Further trials on prime-boost AIDS vaccine being tested in Pune and Chennai have been suspended after Phase I trial results showed that the vaccine candidate is too unstable to be scaled up.
"The vaccine is safe and elicits a modest immune response against HIV, the virus that causes AIDS, but simulated large-scale manufacturing studies of the gene insert (TBC-M4) made the vaccine unstable, which means it cannot be mass produced,” Rajat Goyal, country director, International AIDS Vaccine Initiative (IAVI), told Hindustan Times.
IAVI is the research partner for the vaccine trials that took place at the National AIDS Research Institute (NARI), Pune, and National Institute for Research in Tuberculosis, Chennai.

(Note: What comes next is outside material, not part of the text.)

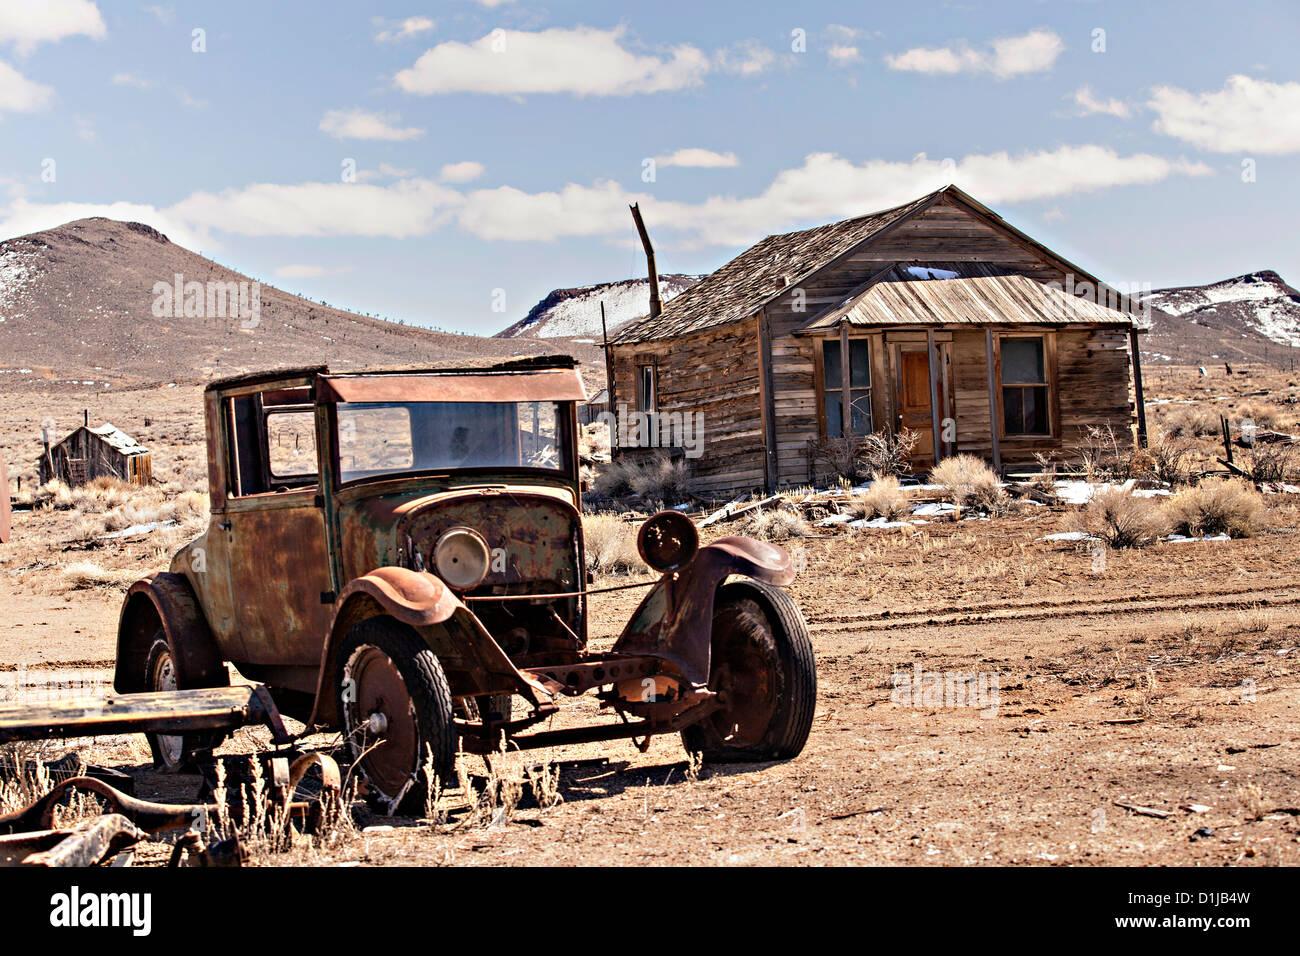 Buy Car In Usa Texas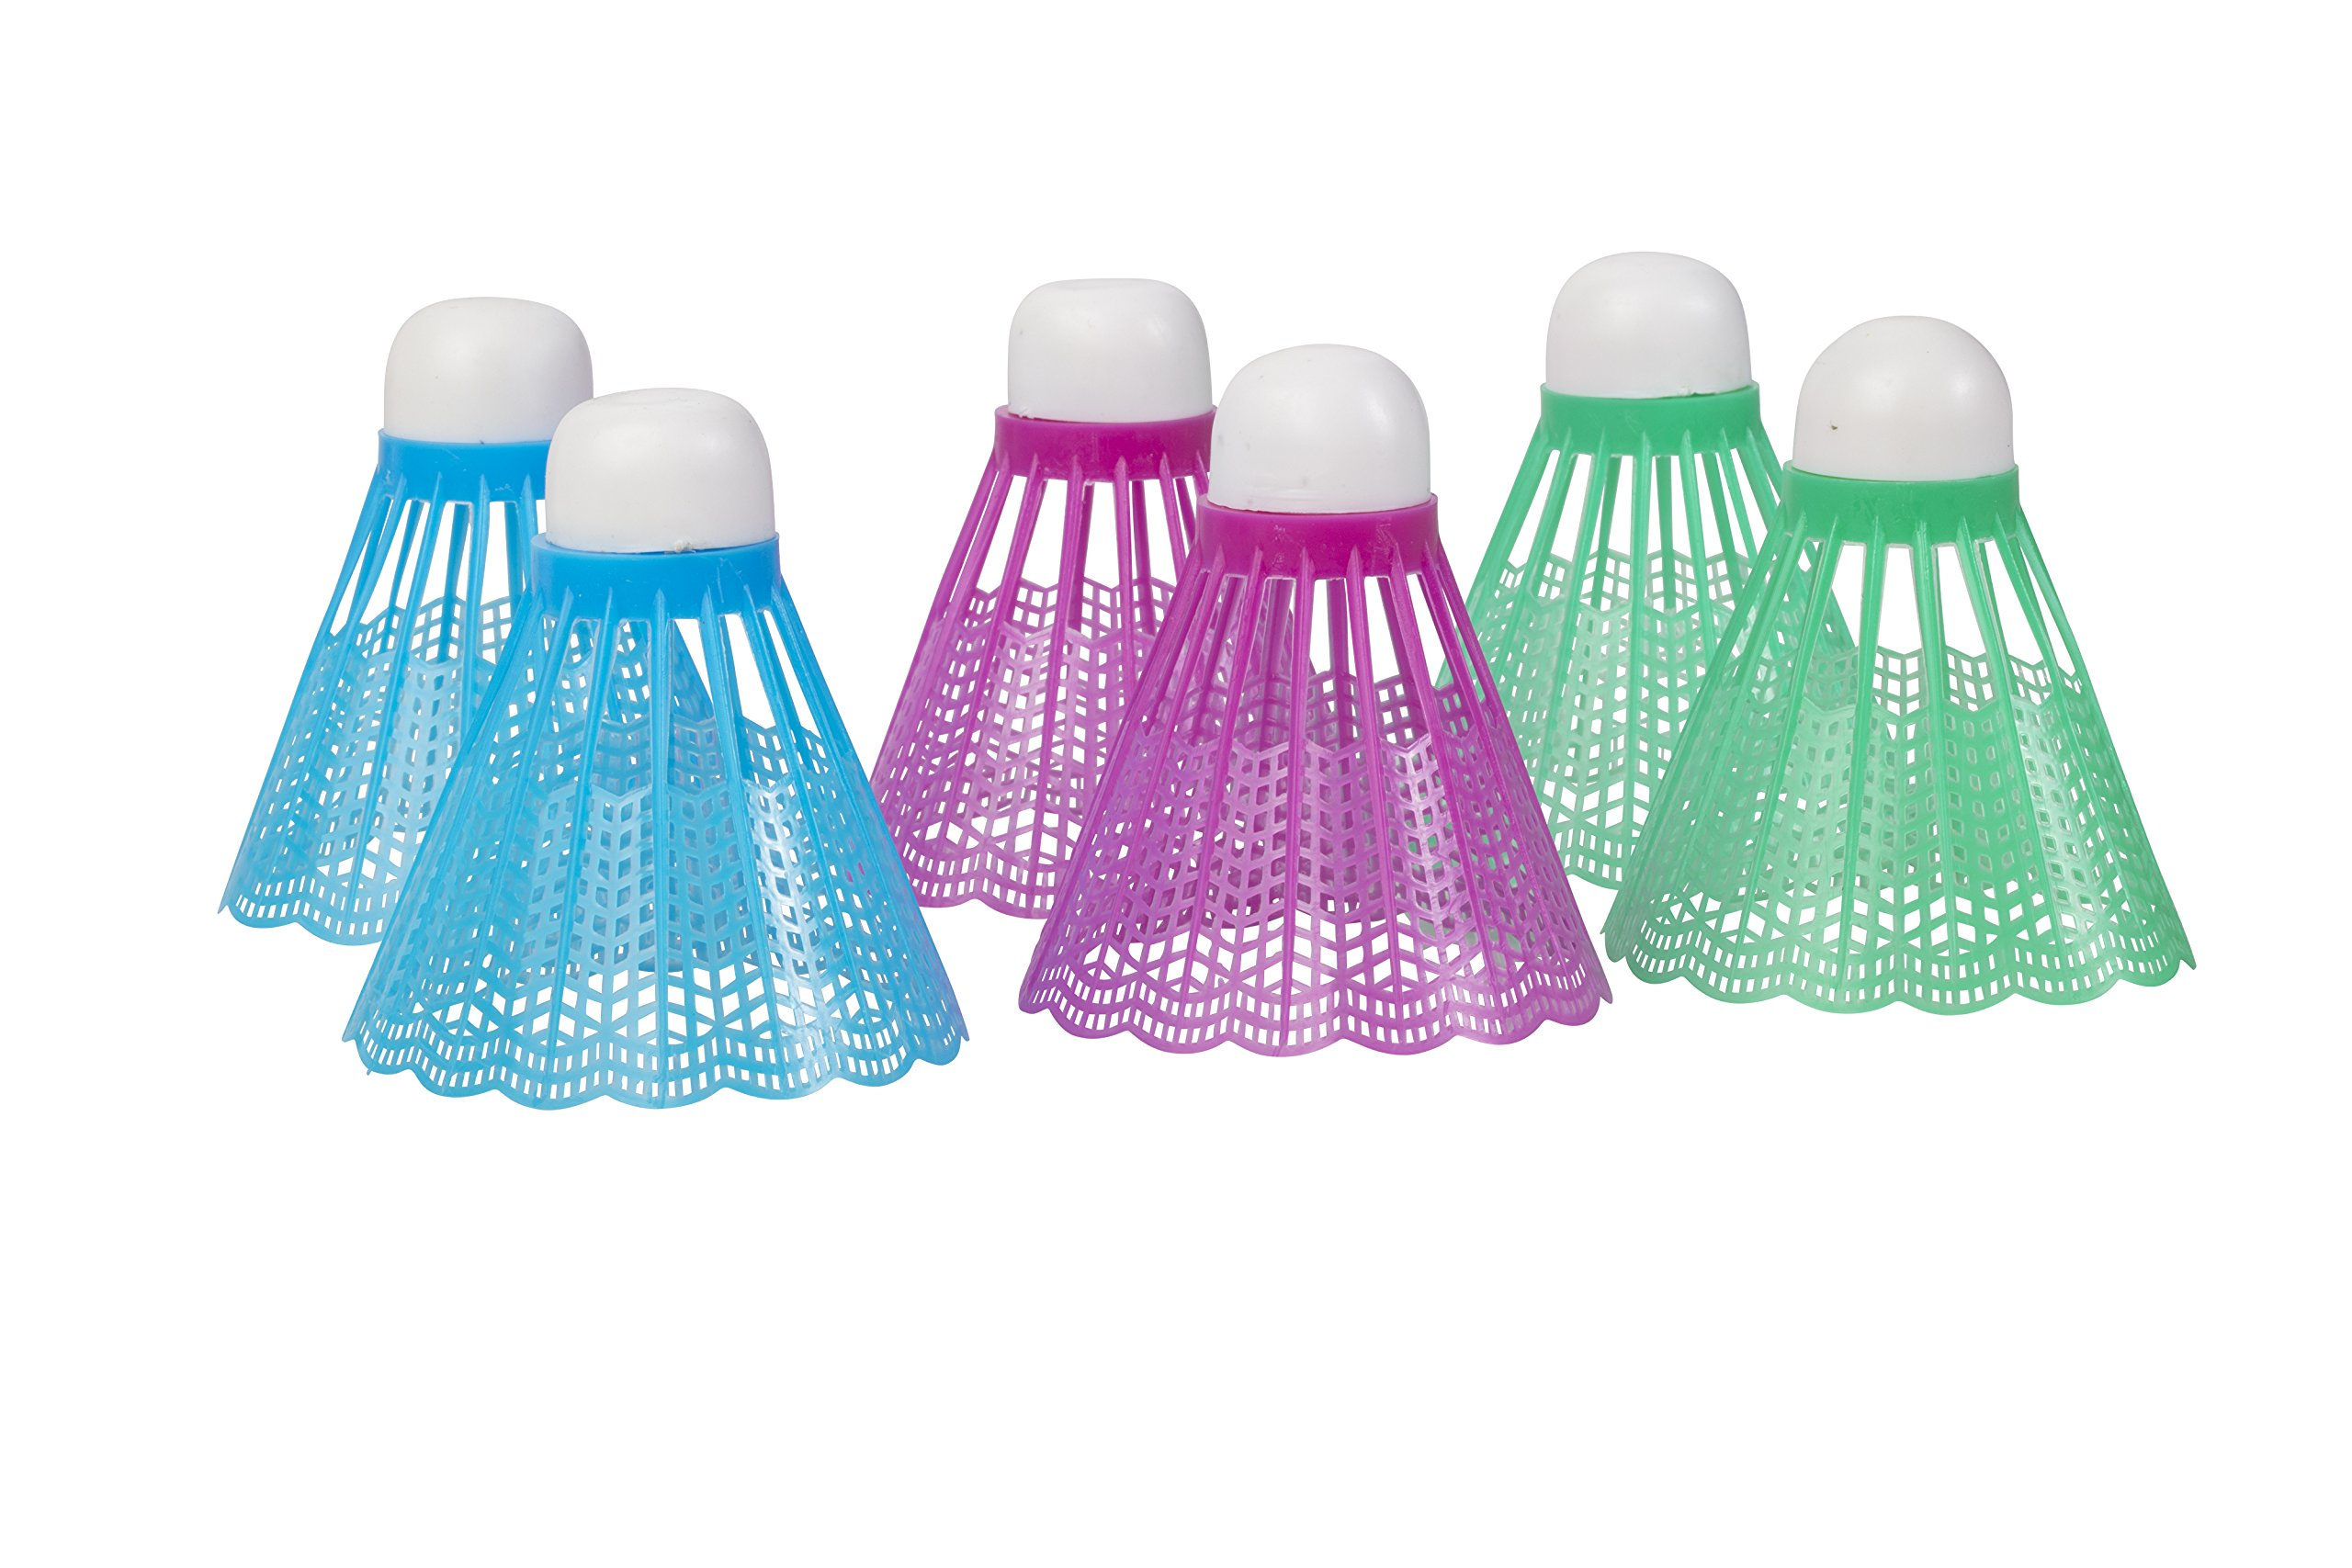 Triumph Replacement Badminton Shuttlecocks (6-Pack, White)

Phase I trials are conducted on healthy people between the ages of 18 and 50 years to establish safety for human use The findings will be presented on September 14 at the AIDS Vaccine 2011 conference in Bangkok.
Group A received ADVAX, a DNA-based vaccine, as prime and Modified Vaccinia Ankara (MVA) as boost. Group B received the MVA as a prime and boost. No added advantage of DNA priming was found.
Overall, the effectiveness lasted at the end of one year from the date of the last injection in both the groups.
"The fact that the prime boost vaccine works in the Indian population makes us hopeful that it can be used for other vaccine candidates,” said Goyal.